Not everything in Backups is worth pushing offsite. Every night at 9pm, a script on the
NAS called sync-archive pulls from the latest ZFS snapshot of Backups and
rclones the irreplaceable parts into the Archive dataset: photos, family photos, Google
Takeout exports.
The source is always a snapshot, not the live dataset. That gives a consistent point-in-time view regardless of what's being written during the copy, and means the archive always reflects a completed state, not something half-finished.
The Archive dataset gets its own daily ZFS snapshots with a 14-day retention window. So the archive is itself versioned -- not just the backups that feed it.
Two copies on the same NAS is better than one, but not by much. A bad firmware update or
a controller failure could take them both out. I have a second machine -- a Supermicro
server I call archive -- that exists purely to receive a copy of
tank/Archive.
TrueNAS has a built-in replication task that runs after each nightly snapshot and pushes the incremental diff to the archive server via SSH+netcat. The first send was a full transfer; every subsequent one is just the delta. Most nights that's a few hundred kilobytes.

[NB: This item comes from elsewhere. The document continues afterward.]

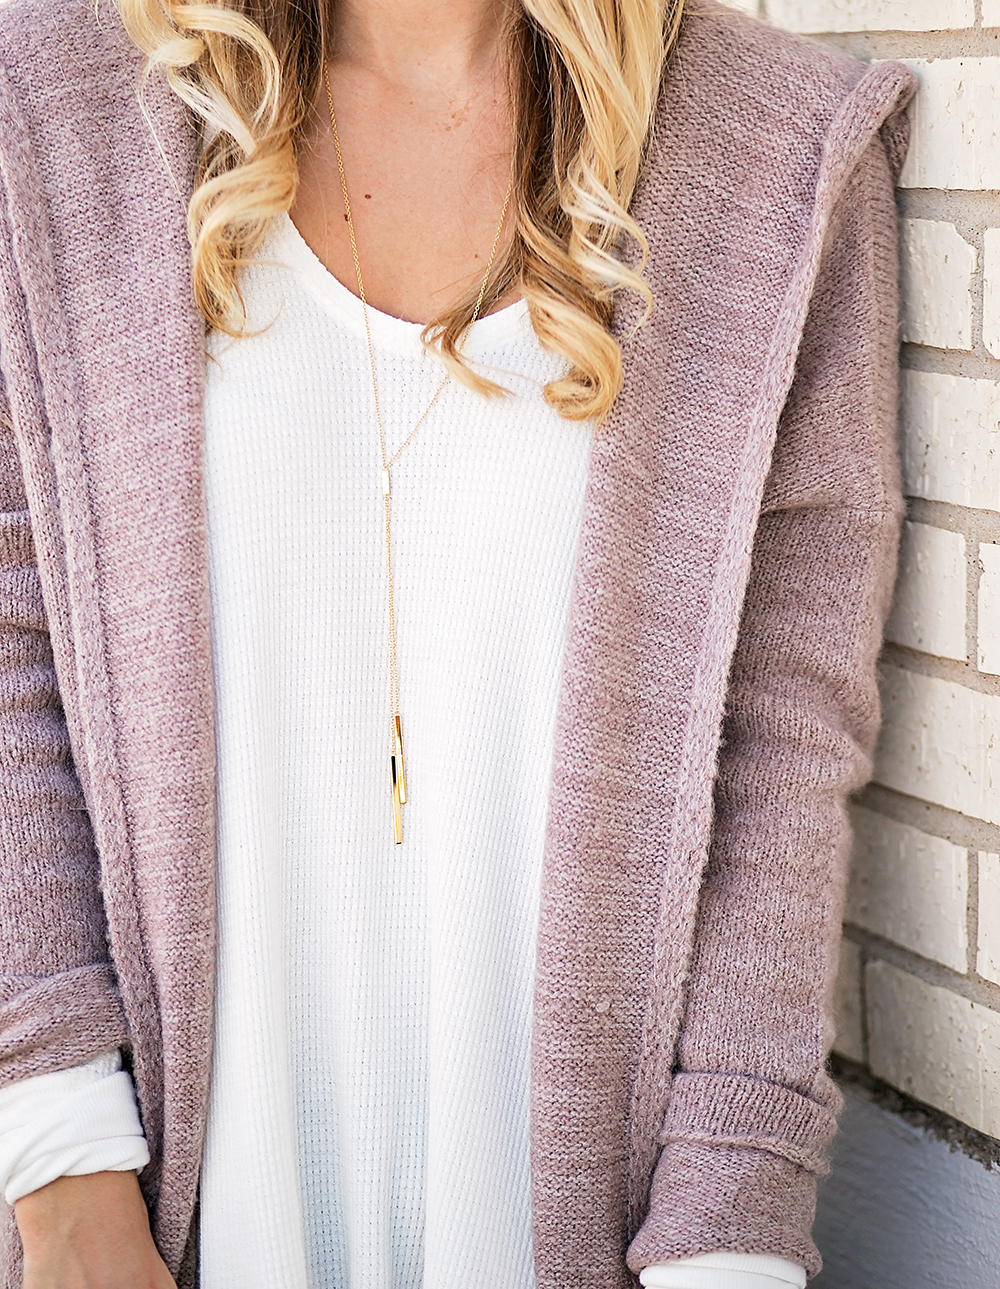 livvyland-blog-olivia-watson-blush-pink-dusty-rose-cardigan-sweater-free-people-thermal-top-cozy-light-layers-nordstrom-fall-outfit-9

The archive server is normally powered off. A machine that's off can't be compromised, updated into a broken state, or silently fail in a way nobody notices. A cron job on my Raspberry Pi sends an IPMI command at 11:55pm to power it on:
55 23 * * * /home/pi/bin/ipmitool chassis power on
By midnight the machine has booted and the ZFS replication can connect. At 00:15 the offsite sync script runs. Then the machine shuts itself down. Total uptime: roughly 20 minutes on a normal night.
Two local copies still burn together. The archive server runs a script once a week that
pushes /mnt/archive to a Hetzner StorageBox via rclone:
rclone -P --transfers 8 sync . secret:
The secret: remote is an rclone crypt layer. Everything is encrypted on the
client before it leaves the machine -- Hetzner sees opaque blobs, not filenames or content.
The script runs from cron every night at 00:15. On six nights out of seven, it checks the
day of the week and exits immediately. On Monday nights it actually does the rclone sync.
Either way the exit trap calls shutdown, so the Supermicro goes back to sleep
within a minute or two of the script finishing.
9:00pm -- Proxmox dumps VM images to the NAS.
9:00pm -- sync-archive assembles the archive dataset from the latest Backups snapshot.
11:55pm -- Raspberry Pi wakes the Supermicro via IPMI.
12:00am -- NAS sends incremental ZFS snapshot to the now-awake Supermicro.
12:15am -- Supermicro runs sync-to-hetzner. On Monday nights, it syncs to Hetzner and
then shuts down. On other nights it skips the rclone and shuts down immediately.
I don't get notifications when the sync runs. I don't log into the archive server to check on it. The TrueNAS replication dashboard shows the last successful run time and I glance at it occasionally. Mostly I leave it alone. That was the whole point.
The restic repos don't go offsite. They're on the NAS but not in the archive dataset. This is a gap I'm aware of. The data I'd actually need after a disaster is probably covered -- photos, documents, exports. But machine restoration would start from a fresh install, not from restic.
I also don't test restores regularly. I've done it a few times -- pulled a photo from the archive, restored a VM after a bad update -- but there's no scheduled restore test. That's the honest admission at the end of any backup writeup.
Actually, whenever I rebuild an Arch Linux laptop, I use the restic backup to restore my home directory to a fresh (used ThinkPad) laptop and install all of the same packages. Minus some things that live in /etc, this gets my workstations back up and running and looking exactly how I'm used to.